# Spider-Man and a green goblin



## Yasutoshi (Dec 5, 2007)

Spider-Man and a green goblin 

Both kits were completed.


----------



## John P (Sep 1, 1999)

Beautiful!

Spidey needs to be paying attention to what's going on behind him!


----------



## SJF (Dec 3, 1999)

Great job! The paint job looks very natural. :thumbsup:

Sean


----------



## louspal (Sep 13, 2009)

I always enjoy your work Yasutoshi. Love the bases in particular. The shading is great! 
Did you use a gray base and then air-brush the lighter clor on top? Any masking used?


----------



## joejoejedi (Mar 19, 2006)

Super Job


----------



## hedorah59 (Nov 24, 2008)

They both look great! As louspal says, its always a pleasure to see your work!


----------



## OzyMandias (Dec 29, 2004)

I agree, Yasutoshi. Your work is always inspiring. Excellent finish on the kits and the paint is beautifully organic and realistic (Which is saying a lot considering they are comic book characters...) 

Wonderful!!! :thumbsup::thumbsup::thumbsup:


----------



## dklange (Apr 25, 2009)

As always, Yasutoshi, your work is excellent!! Both Spidey and Green Goblin look fantastic! - Denis


----------



## modelgeek (Jul 14, 2005)

Wow!! Always look foward to see your builds!! Fantastic work!


----------



## Jafo (Apr 22, 2005)

excellent!


----------



## mrmurph (Nov 21, 2007)

Beautifully done.


----------



## falcondesigns (Oct 30, 2002)

Bravo......


----------



## rkoenn (Dec 18, 2007)

Fantastic as always. I love the coloring and highlighting of the stands.


----------



## SUNGOD (Jan 20, 2006)

Nice job! I recently picked the Goblin up so it would be nice if it turns out like that!


----------



## Mitchellmania (Feb 14, 2002)

They are excellent!!


----------



## Night-Owl (Mar 17, 2000)

Great work on both kits Yasutoshi! :thumbsup:


----------



## sprayray (May 13, 2009)

Beautiful work my friend they came out awesome !!!!!!!!


Robert.


----------



## Dave Metzner (Jan 1, 1970)

Yasutoshi,
Thanks for posting the pictures, as always your work is top notch.

Dave


----------



## kdaracal (Jan 24, 2009)

Great work, as usual. But don't just leave us with one photo!! show somemore!! We need more! Sorry, I'm too greedy!!


----------



## Yasutoshi (Dec 5, 2007)

Thank you, everybody. :wave:

louspal,Yes.
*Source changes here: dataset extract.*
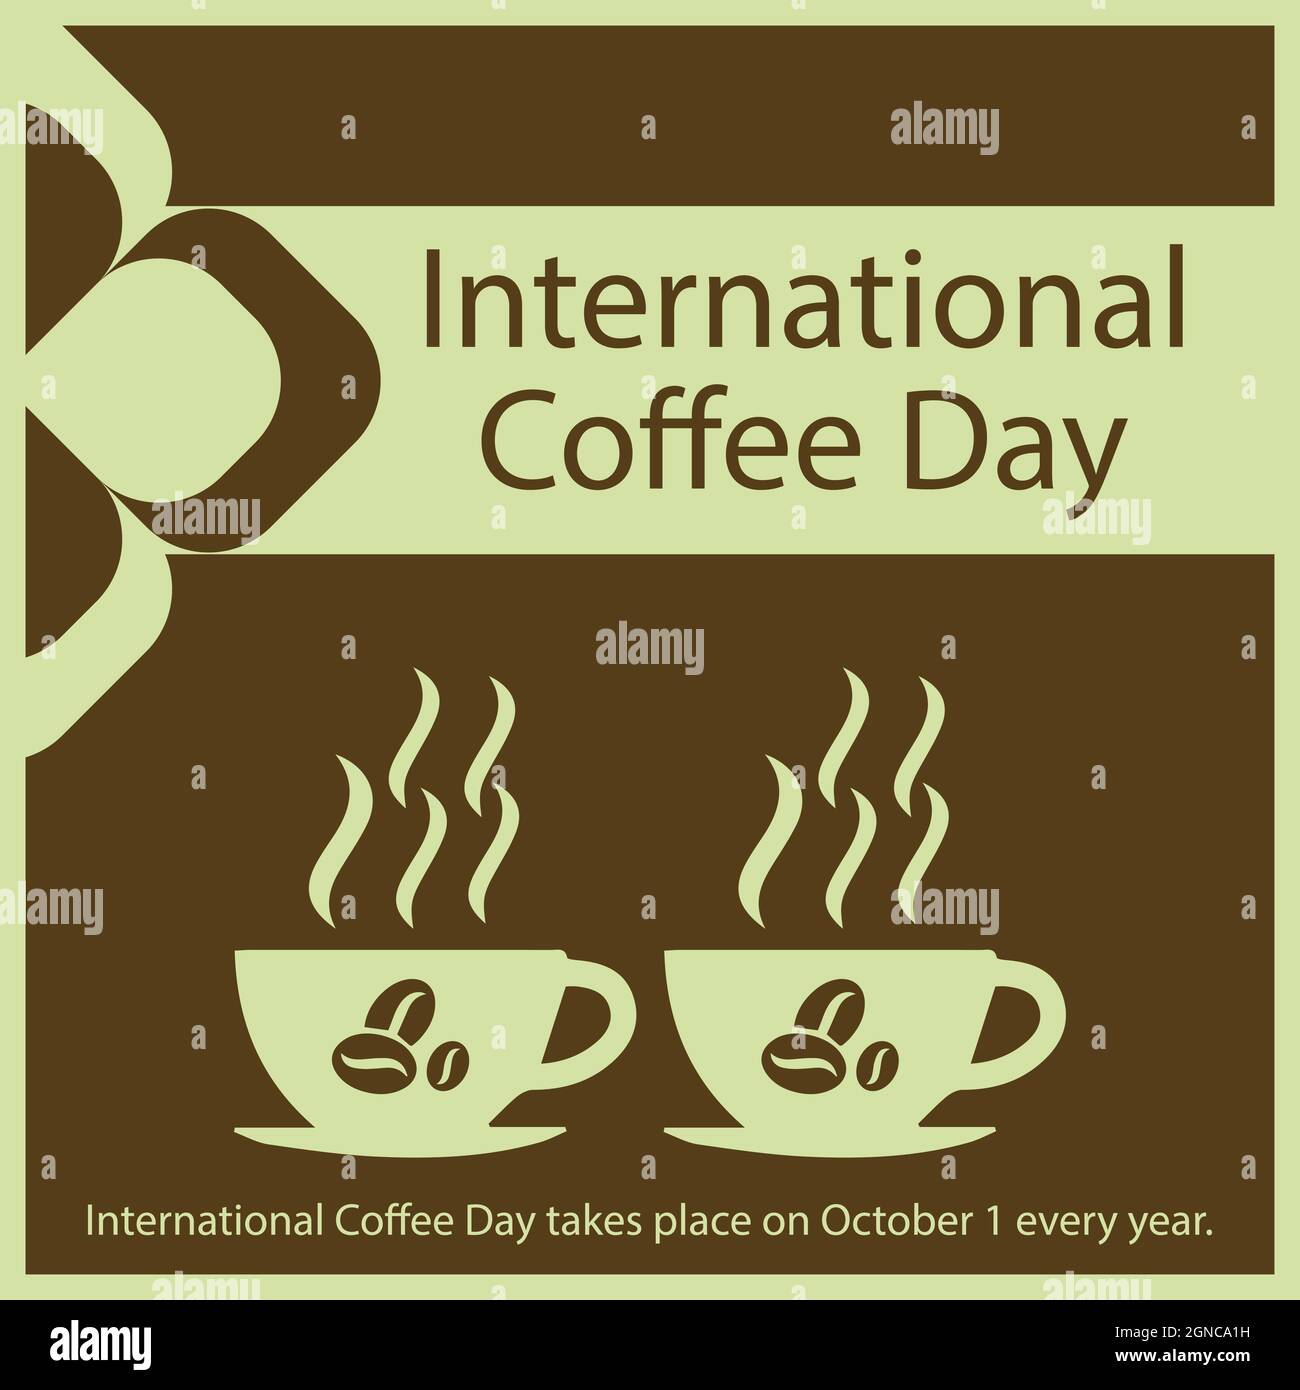 Der Internationale Kaffeetag findet jedes Jahr am 1. Oktober statt. Stock Vektor

I masked it. 

Dave,We modeler spends a very pleasant hobby life on the coattails of you and Frank. Thanks. 

kdaracal,I stick an image now if I make it busy a little more.


----------



## roadflea (Jul 14, 2009)

WOW very good builds i hope mine wiil look 1/2 as good ( but i dought it )


----------



## Yasutoshi (Dec 5, 2007)

Thank you, roadflea.

The addition of the image.:wave:


----------



## hedorah59 (Nov 24, 2008)

Thanks for posting those additional pics, Yasutoshi - They look fantastic!


----------



## kdaracal (Jan 24, 2009)

Yasutoshi said:


> Thank you, roadflea.
> 
> The addition of the image.:wave:


Thanks! Wonderful painting!


----------



## NeilUnreal (Feb 17, 2001)

Good work! I like overlay of the muscle shading on the "web" shading of Spider-Man.

-Neil


----------



## AJ-1701 (May 10, 2008)

For want of a better term... I simply have to say...

They are beautifull!!!:thumbsup:


----------